About this exercise — Would you reproduce exactly, and only, the lines starting at the one with "Computational mathematics" and ending at the last line of the data, with both included? Leave the pictures out.

[Data extract]

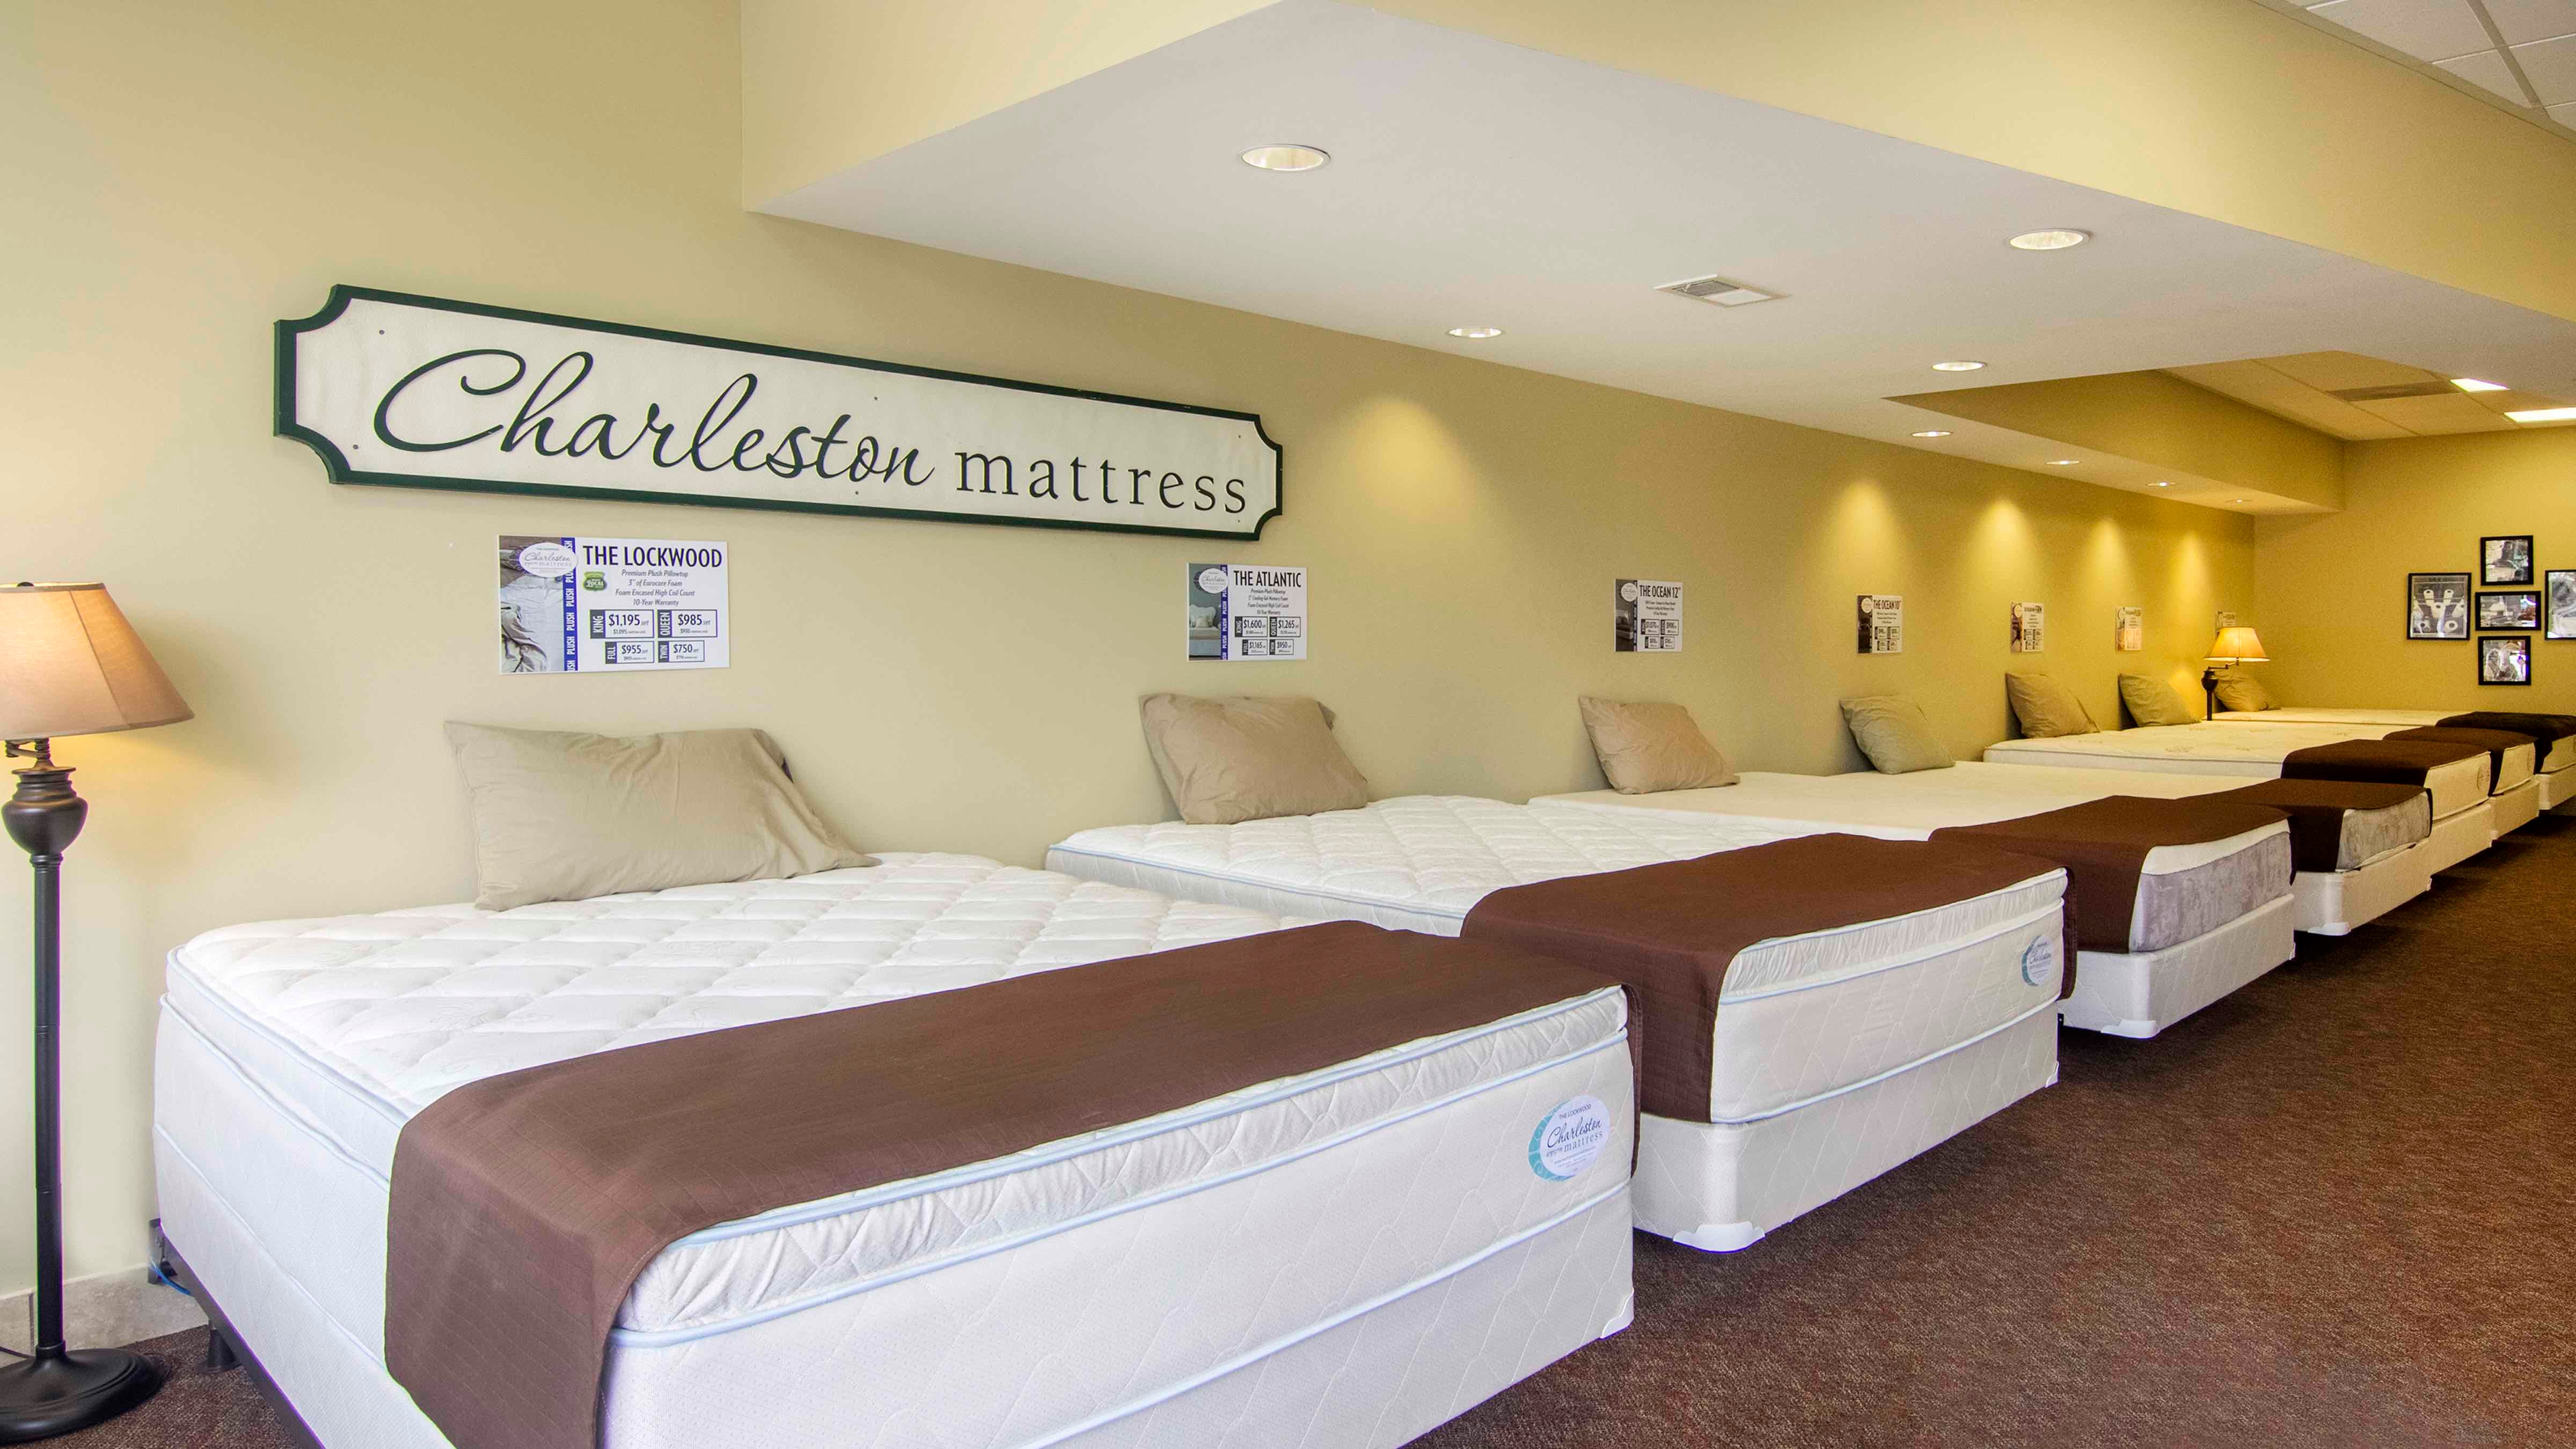 mattress for sale charleston sc
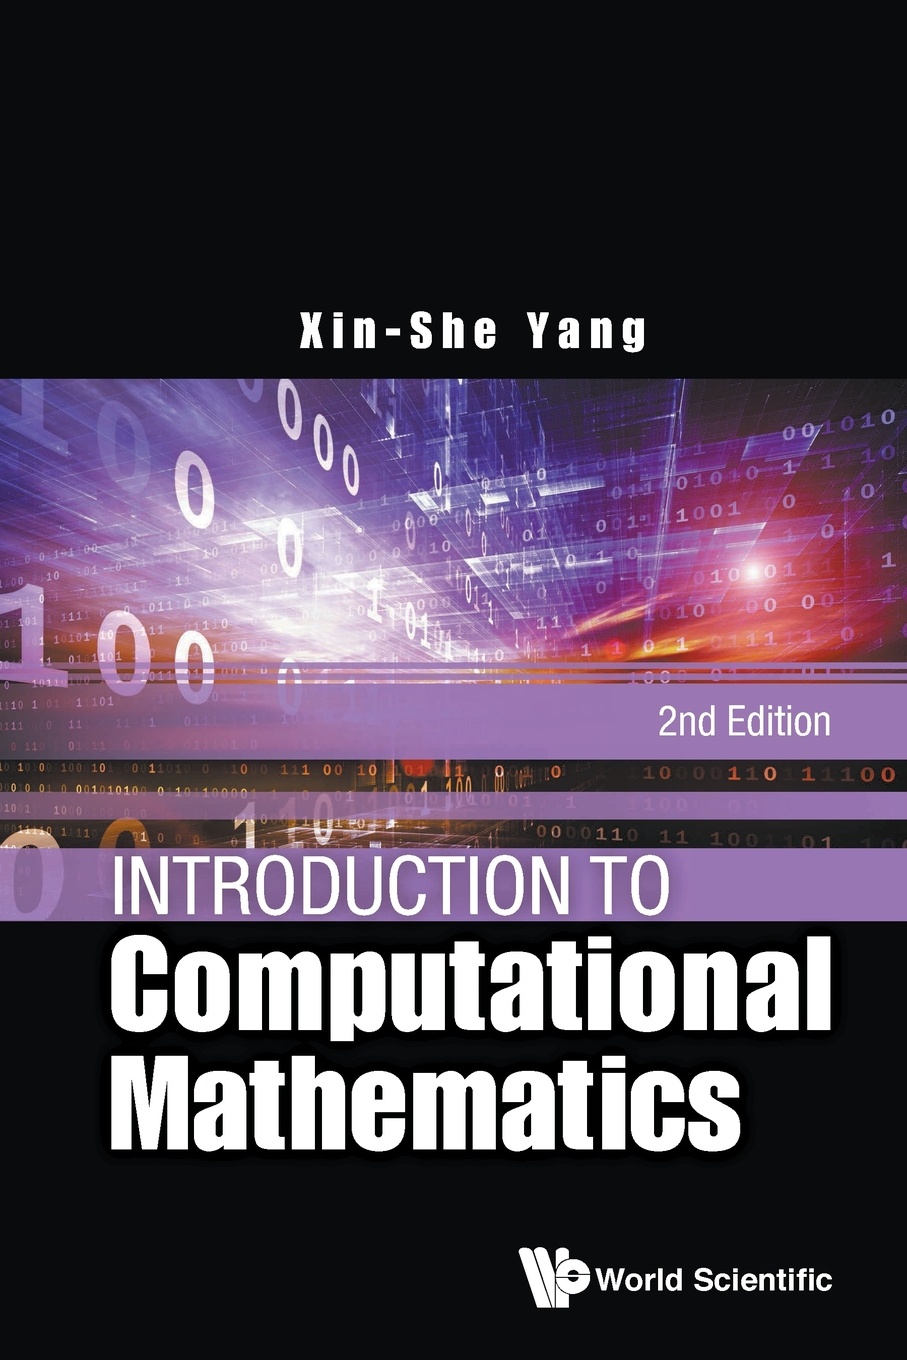 Computational mathematics
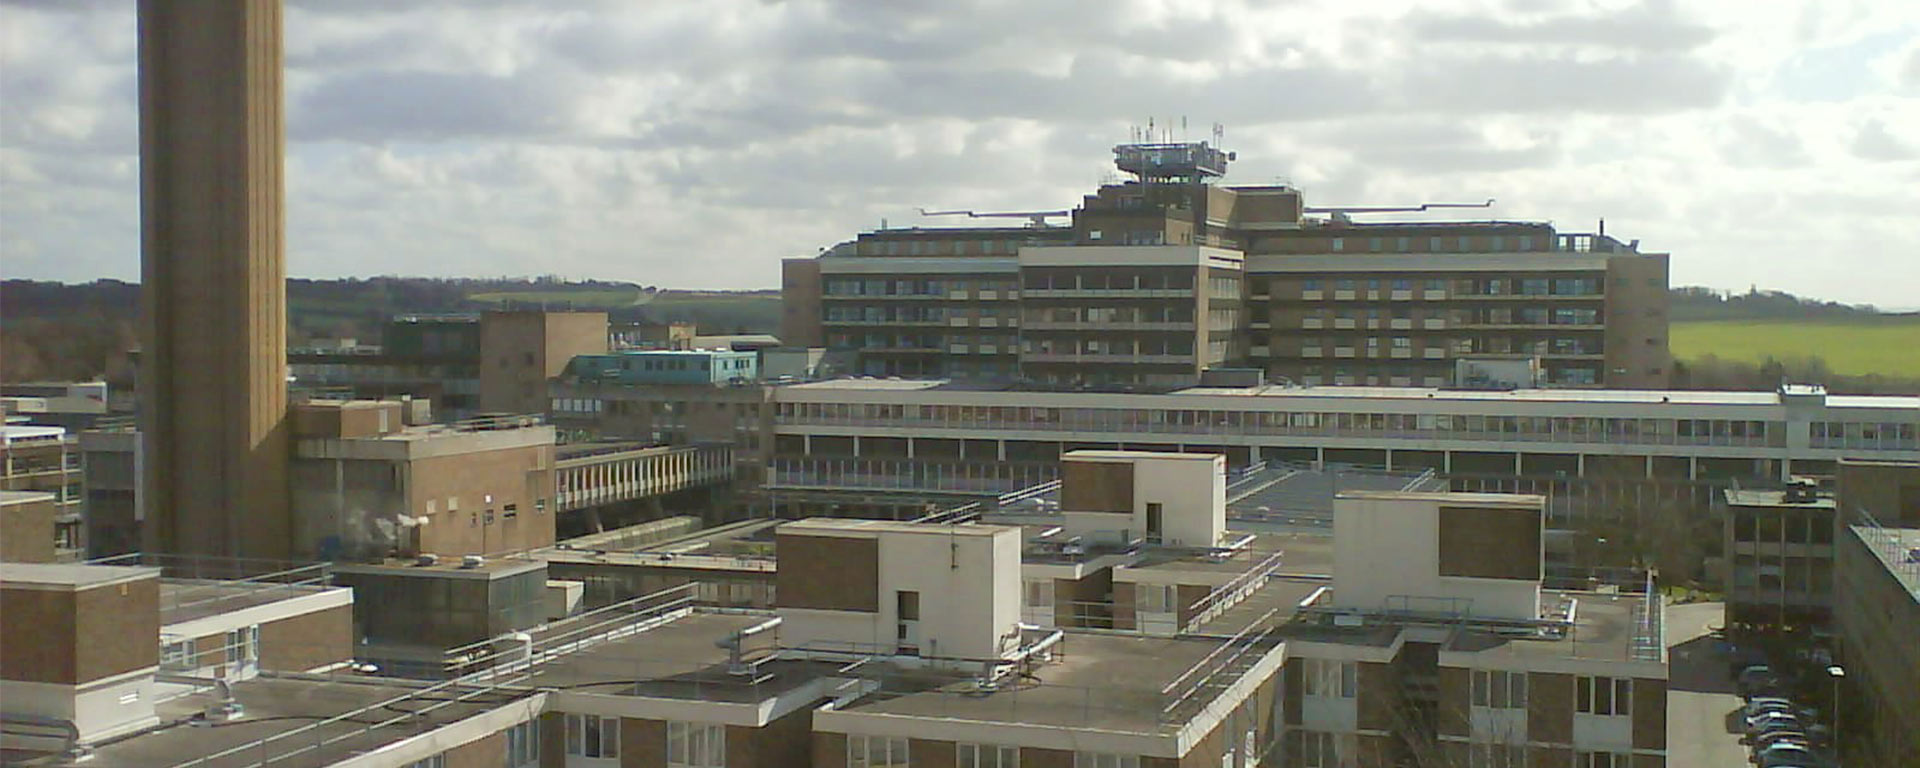 Addenbrookes - Cambridge University Hospital
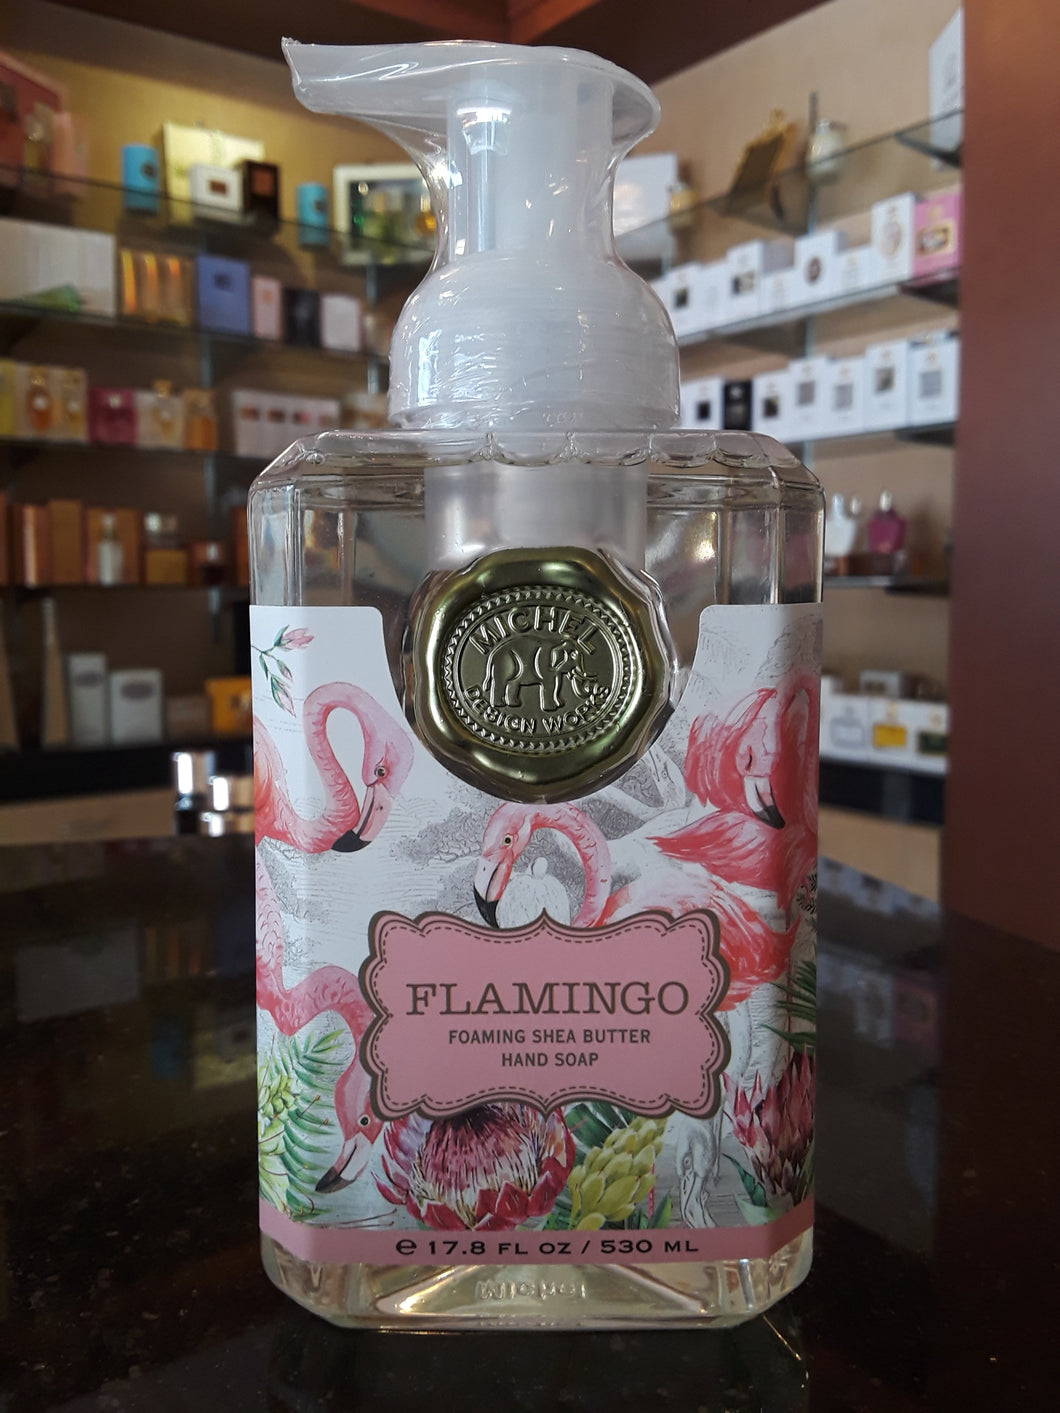 Flamingo hand soap
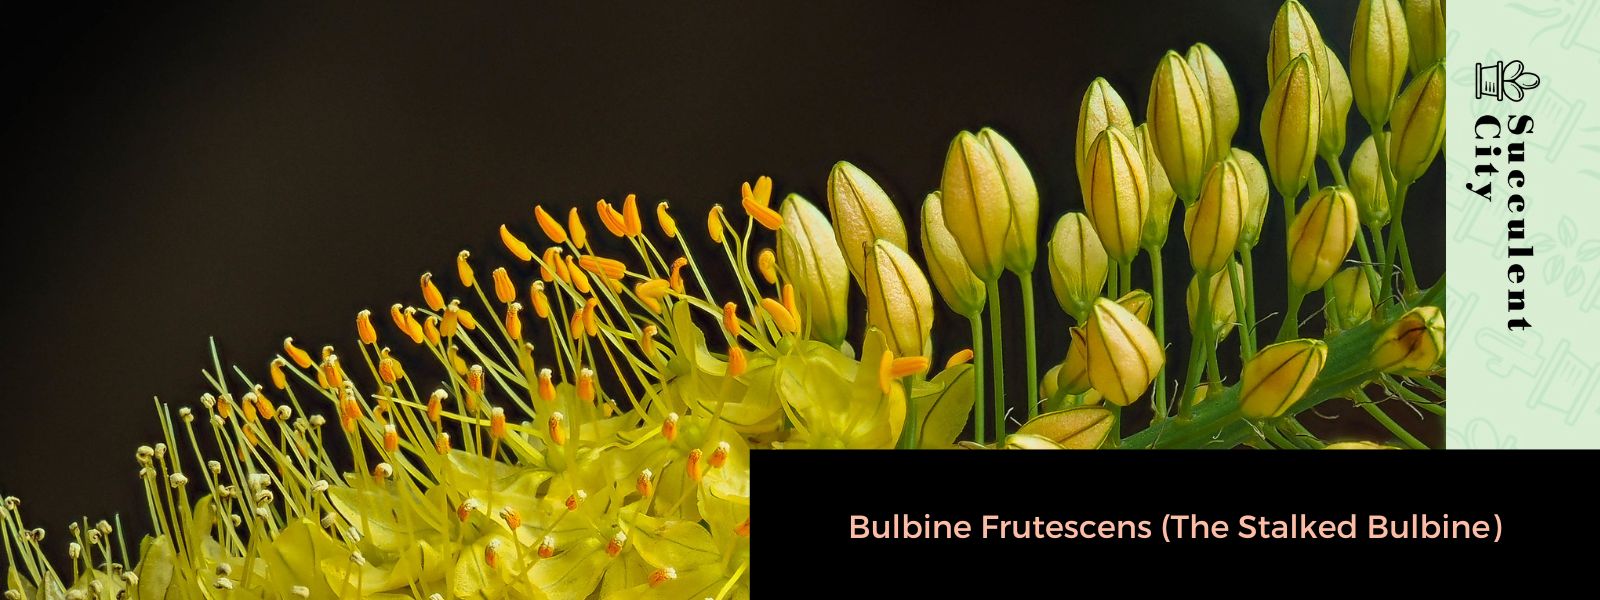 Bulbine Frutescens (El bulbine acechado)

[/Data extract]

Solution to the problem —
 Computational mathematics
 Addenbrookes - Cambridge University Hospital
 Flamingo hand soap
 Bulbine Frutescens (El bulbine acechado)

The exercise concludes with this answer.